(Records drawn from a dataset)
*** Block opens ***
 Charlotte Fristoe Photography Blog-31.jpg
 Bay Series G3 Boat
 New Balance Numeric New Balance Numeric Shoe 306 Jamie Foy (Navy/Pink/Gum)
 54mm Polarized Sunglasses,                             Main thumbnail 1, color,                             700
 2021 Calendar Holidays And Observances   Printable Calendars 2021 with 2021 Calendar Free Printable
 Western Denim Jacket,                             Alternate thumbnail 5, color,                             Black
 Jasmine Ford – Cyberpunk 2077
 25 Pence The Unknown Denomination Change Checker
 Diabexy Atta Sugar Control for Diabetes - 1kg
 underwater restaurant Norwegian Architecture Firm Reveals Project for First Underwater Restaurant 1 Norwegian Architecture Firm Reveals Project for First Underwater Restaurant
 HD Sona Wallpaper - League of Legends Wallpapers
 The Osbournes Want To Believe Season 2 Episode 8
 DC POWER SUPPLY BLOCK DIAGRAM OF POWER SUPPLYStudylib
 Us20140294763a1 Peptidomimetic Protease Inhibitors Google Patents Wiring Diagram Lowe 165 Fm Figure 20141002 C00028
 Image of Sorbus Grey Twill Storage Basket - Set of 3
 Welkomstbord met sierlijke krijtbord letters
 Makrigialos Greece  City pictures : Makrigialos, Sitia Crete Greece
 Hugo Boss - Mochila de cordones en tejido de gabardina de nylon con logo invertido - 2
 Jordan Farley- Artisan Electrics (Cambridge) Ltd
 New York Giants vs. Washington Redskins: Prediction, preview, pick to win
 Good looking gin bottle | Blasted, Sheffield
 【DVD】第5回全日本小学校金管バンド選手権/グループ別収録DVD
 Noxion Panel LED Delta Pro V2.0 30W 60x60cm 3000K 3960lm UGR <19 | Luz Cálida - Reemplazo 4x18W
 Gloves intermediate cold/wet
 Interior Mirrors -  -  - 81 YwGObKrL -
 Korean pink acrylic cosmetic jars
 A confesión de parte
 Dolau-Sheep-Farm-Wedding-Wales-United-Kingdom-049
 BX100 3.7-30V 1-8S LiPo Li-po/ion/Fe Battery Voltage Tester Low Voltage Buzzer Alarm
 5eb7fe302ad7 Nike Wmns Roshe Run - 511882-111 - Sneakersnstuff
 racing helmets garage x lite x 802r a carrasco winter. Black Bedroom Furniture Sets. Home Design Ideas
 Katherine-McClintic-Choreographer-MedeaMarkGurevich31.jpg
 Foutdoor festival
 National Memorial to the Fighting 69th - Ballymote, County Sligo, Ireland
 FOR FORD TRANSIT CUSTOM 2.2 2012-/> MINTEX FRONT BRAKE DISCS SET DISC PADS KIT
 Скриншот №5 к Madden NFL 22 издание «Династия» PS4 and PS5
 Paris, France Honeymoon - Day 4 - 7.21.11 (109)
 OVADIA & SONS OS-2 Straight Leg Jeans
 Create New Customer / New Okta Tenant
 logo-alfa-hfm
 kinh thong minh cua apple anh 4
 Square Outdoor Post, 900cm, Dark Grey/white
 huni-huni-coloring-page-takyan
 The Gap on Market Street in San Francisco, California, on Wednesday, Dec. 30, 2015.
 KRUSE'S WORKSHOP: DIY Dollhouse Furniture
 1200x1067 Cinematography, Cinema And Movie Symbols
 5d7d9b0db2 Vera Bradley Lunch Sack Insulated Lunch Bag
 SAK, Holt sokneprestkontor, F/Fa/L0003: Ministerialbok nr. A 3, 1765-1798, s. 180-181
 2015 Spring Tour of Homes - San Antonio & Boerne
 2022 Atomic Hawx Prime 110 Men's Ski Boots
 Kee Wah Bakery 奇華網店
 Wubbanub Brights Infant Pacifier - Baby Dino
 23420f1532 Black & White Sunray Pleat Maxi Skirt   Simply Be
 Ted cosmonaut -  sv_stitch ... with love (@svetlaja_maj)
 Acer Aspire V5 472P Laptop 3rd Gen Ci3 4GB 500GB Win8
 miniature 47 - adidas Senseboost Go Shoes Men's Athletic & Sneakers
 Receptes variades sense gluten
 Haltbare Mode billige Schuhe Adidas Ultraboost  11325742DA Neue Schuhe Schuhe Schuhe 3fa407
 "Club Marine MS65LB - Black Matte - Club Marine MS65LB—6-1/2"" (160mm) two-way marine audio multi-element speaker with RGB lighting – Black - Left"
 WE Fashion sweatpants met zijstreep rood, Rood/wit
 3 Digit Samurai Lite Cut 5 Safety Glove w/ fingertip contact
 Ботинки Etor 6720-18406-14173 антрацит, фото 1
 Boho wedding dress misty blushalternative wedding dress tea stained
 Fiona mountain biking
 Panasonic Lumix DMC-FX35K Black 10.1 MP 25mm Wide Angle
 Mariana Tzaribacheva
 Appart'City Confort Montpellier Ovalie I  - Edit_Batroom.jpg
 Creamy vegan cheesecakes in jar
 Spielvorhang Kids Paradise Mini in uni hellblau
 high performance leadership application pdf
*** Block closes ***
* [The task]: Out of the data above, set down the lines from the one with "A confesión de parte" to the one with "Katherine-McClintic-Choreographer-MedeaMarkGurevich31.jpg", both included, exactly as written and with no additions.

* [Written solution]:
 A confesión de parte
 Dolau-Sheep-Farm-Wedding-Wales-United-Kingdom-049
 BX100 3.7-30V 1-8S LiPo Li-po/ion/Fe Battery Voltage Tester Low Voltage Buzzer Alarm
 5eb7fe302ad7 Nike Wmns Roshe Run - 511882-111 - Sneakersnstuff
 racing helmets garage x lite x 802r a carrasco winter. Black Bedroom Furniture Sets. Home Design Ideas
 Katherine-McClintic-Choreographer-MedeaMarkGurevich31.jpg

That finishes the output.